A few honest caveats:

“Harness engineering” is an emerging label. People have been doing this work since the first tool-using agents; the name has caught on in the last year or so, mostly via the agent-coding crowd. I don’t have a clean origin for who used it first; if you read this in a few years, the boundaries between “harness engineering,” “AI engineering,” and “agent design” may have settled differently.
The model still matters. A weak model in a perfect harness is still a weak product. The claim is that, between today’s frontier models, the harness is the dominant variable — not that models are irrelevant.
Some tasks are model-bound. A task that fails because the model genuinely can’t reason about the domain isn’t going to be saved by better tool design. Knowing which kind of failure you’re looking at is itself a harness-engineering skill.
The discipline is young and the literature is thin. Most of what’s known about harness engineering is folklore inside teams that have shipped agents, blog posts, and source code of open agents. There isn’t a textbook yet, and a lot of strong-sounding claims (including some in this post) are working hypotheses, not measured results.
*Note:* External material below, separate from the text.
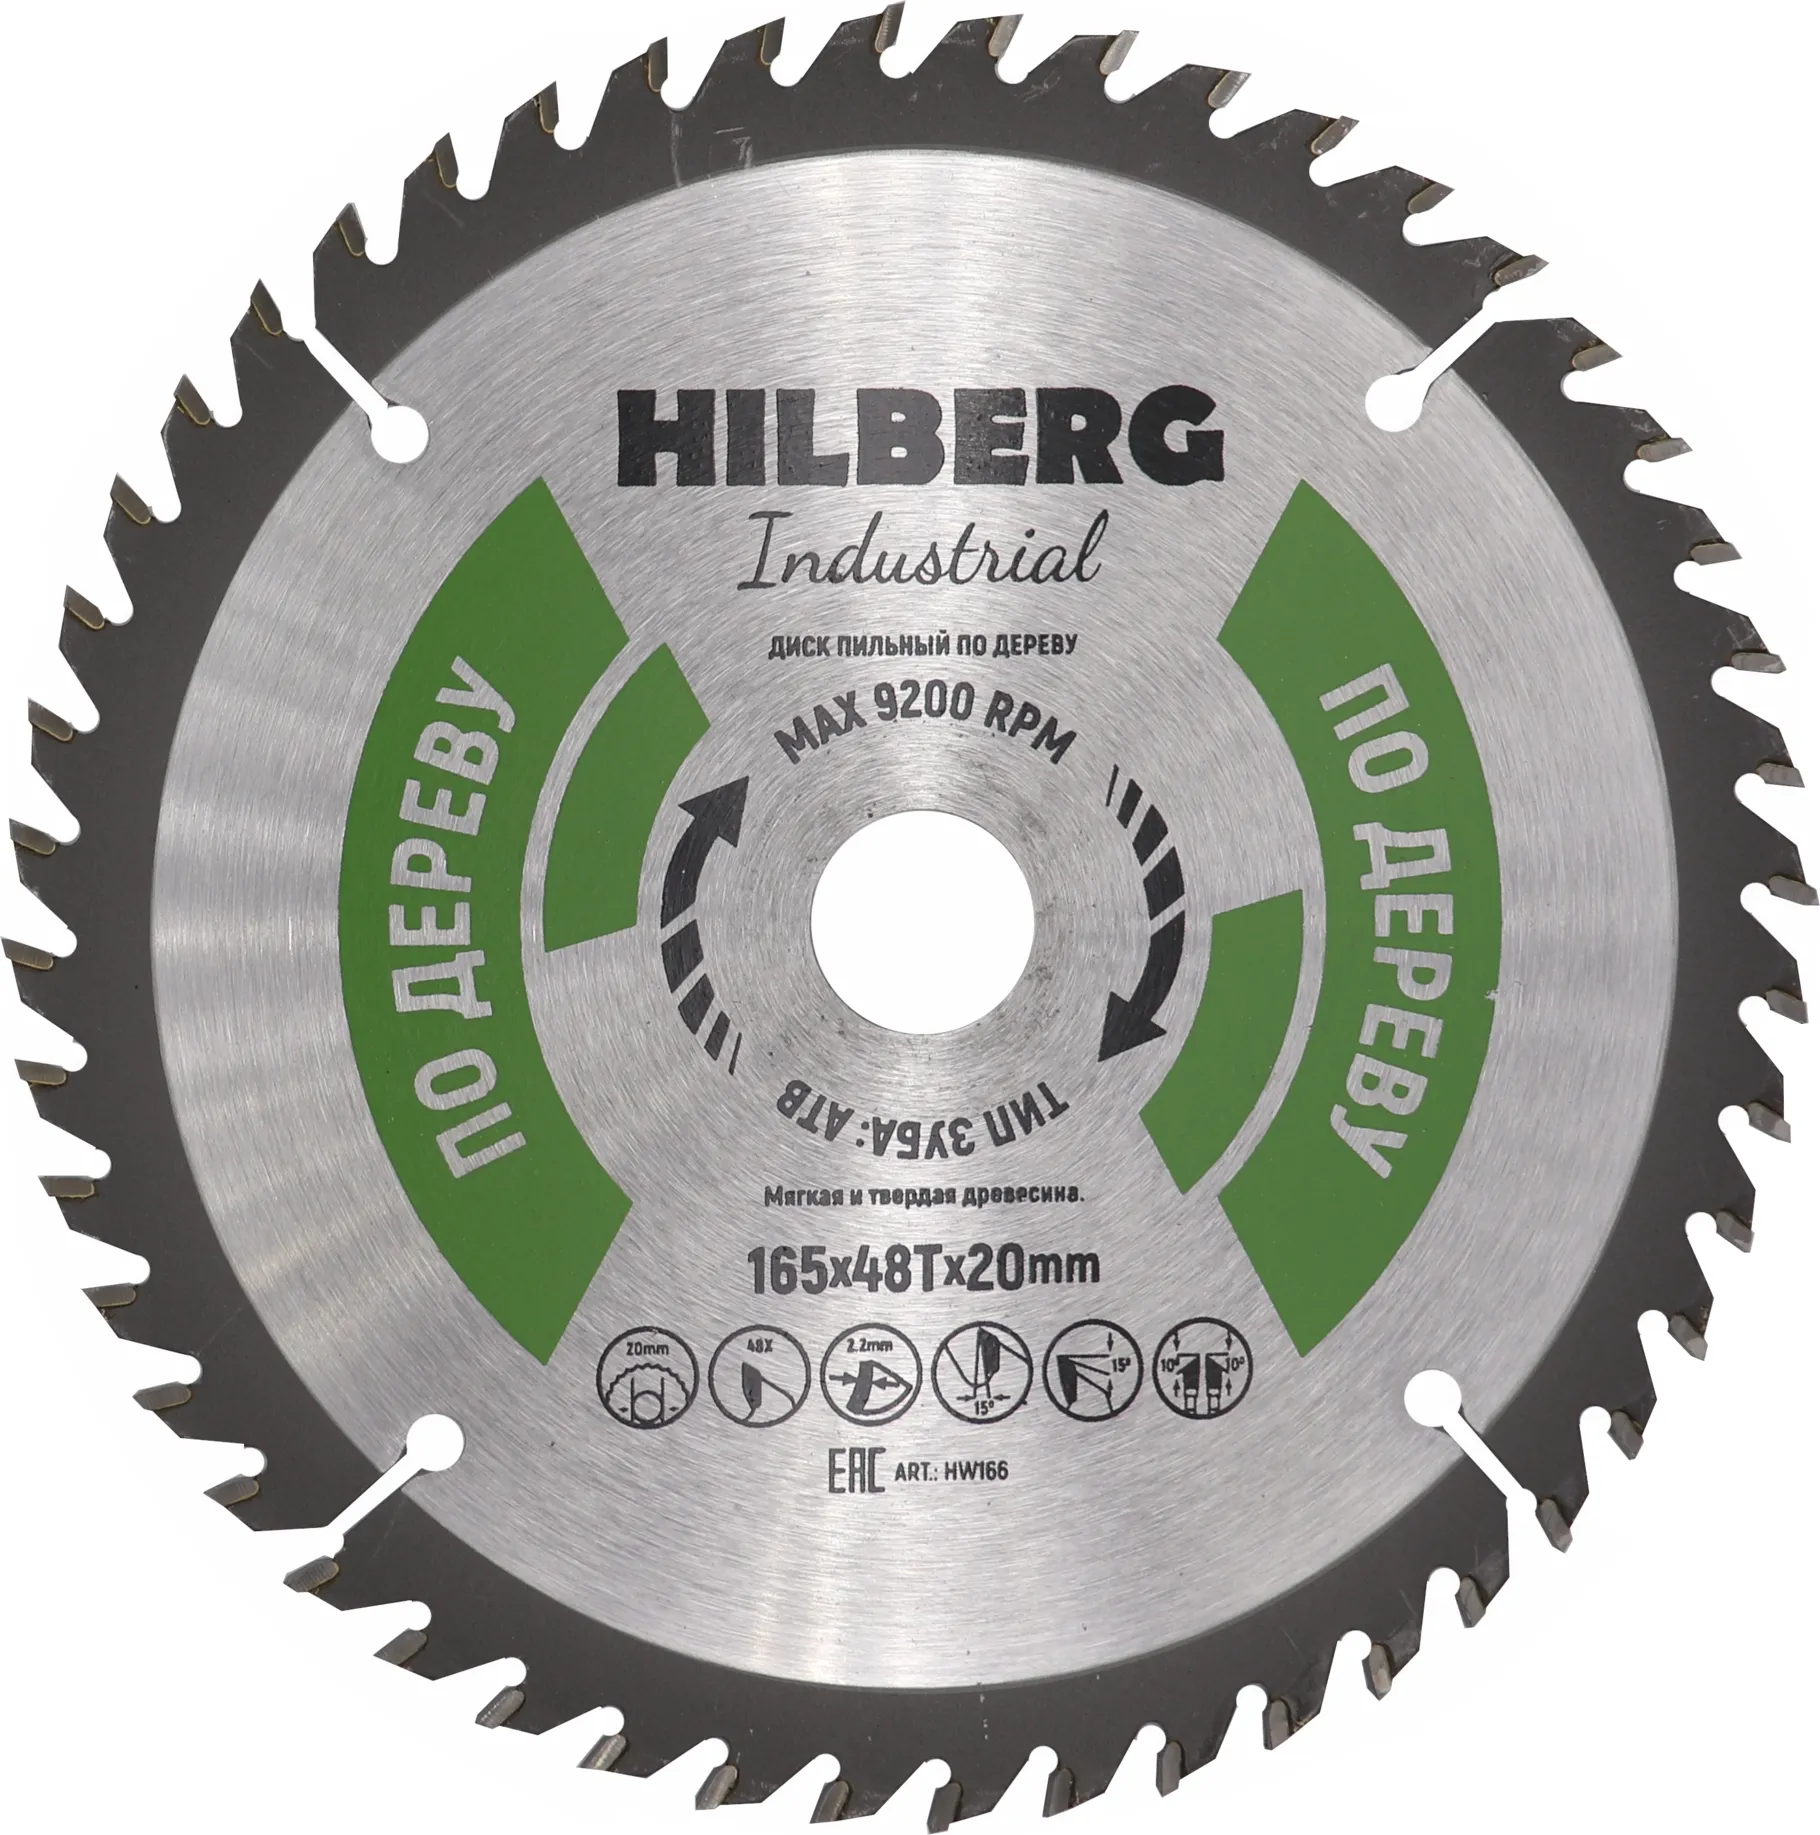 Диск пильный по дереву 165х48Tx20мм Hilberg Industrial HW166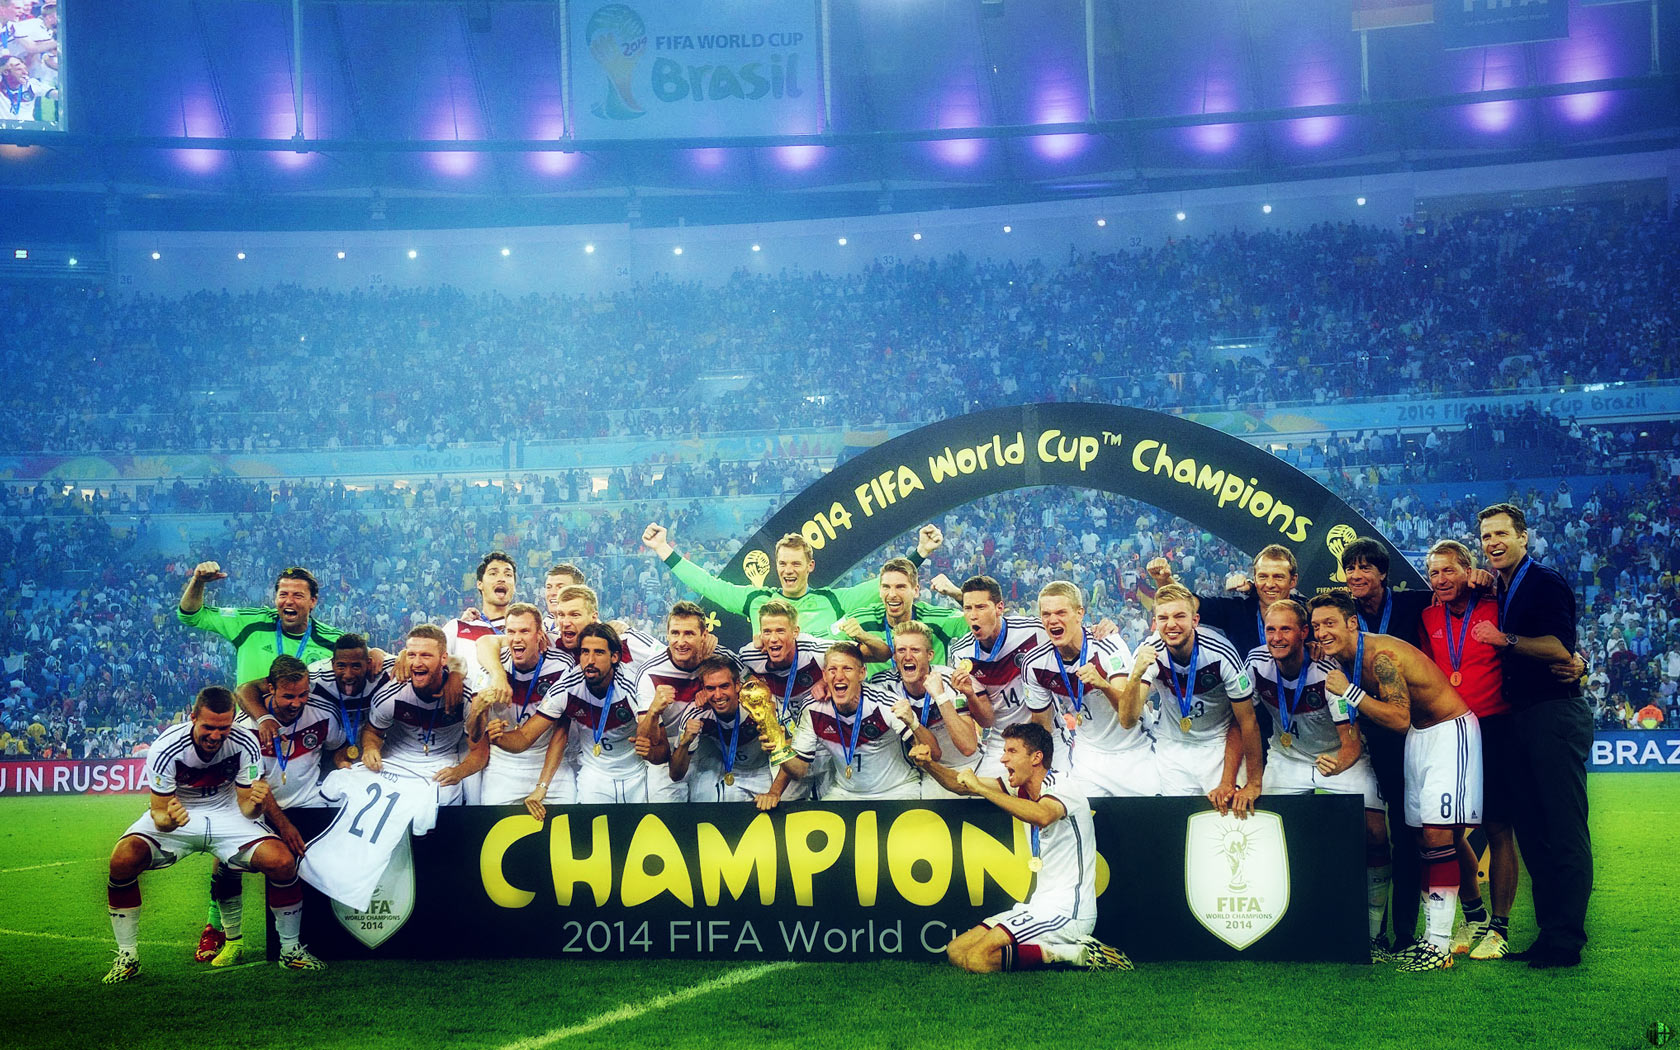 Pc壁紙 ドイツ代表 ブラジルw杯優勝 サッカー壁紙 自分で作ったサッカー関連のpc用壁紙 Naver まとめ

Agent harness — agent = model + harness — the noun this discipline is the verb of.
Prompt engineering — prompt engineering = one slice of harness engineering — historically the whole story; today one sub-skill alongside tool design, context engineering, loop design, and eval.
Context engineering — context engineering = deciding what's in the model's context, in what shape, at what cost — the sub-discipline most teams discover second.
Tool / function calling — tool use = model emits structured calls + harness executes them — the protocol via which the harness offers the model things it can do.
MCP (Model Context Protocol) — MCP = an open protocol for exposing tools, resources, and prompts to AI applications — lets you reuse harness work across products.
Eval harness — eval harness = task suite + runner + scoring — overloaded term: in research, it’s the rig that scores models on a benchmark; in product work, the rig that scores your harness on your task suite. Same word, different artifact.
Scaffolding — scaffolding ≈ harness — older word for roughly the same idea, mostly used in academic agent papers from 2023–2024.

Going deeper

Anthropic, Building effective agents (December 2024) — practical patterns for tools, context, and control flow. One of the more influential pieces of writing on the discipline; not the only one, but a good entry point.
The source of any open coding agent — Aider, OpenHands, Continue, Cline. Reading one end-to-end is the fastest way to internalize what the harness actually is, where the seams are, and what each layer costs.
Sinha et al., The Illusion of Diminishing Returns: Measuring Long Horizon Execution in LLMs (arXiv:2509.09677, 2025) — not a harness paper directly, but the cleanest recent statement of how long-horizon execution degrades and how self-conditioning amplifies it. Most of the harness moves in this post (verifiers, pruning, decomposition) are easier to motivate after reading it; the paper itself doesn’t claim to study harness design.
Cemri et al., Why Do Multi-Agent LLM Systems Fail? (arXiv:2503.13657, 2025) — what changes when the harness is coordinating multiple agents instead of one.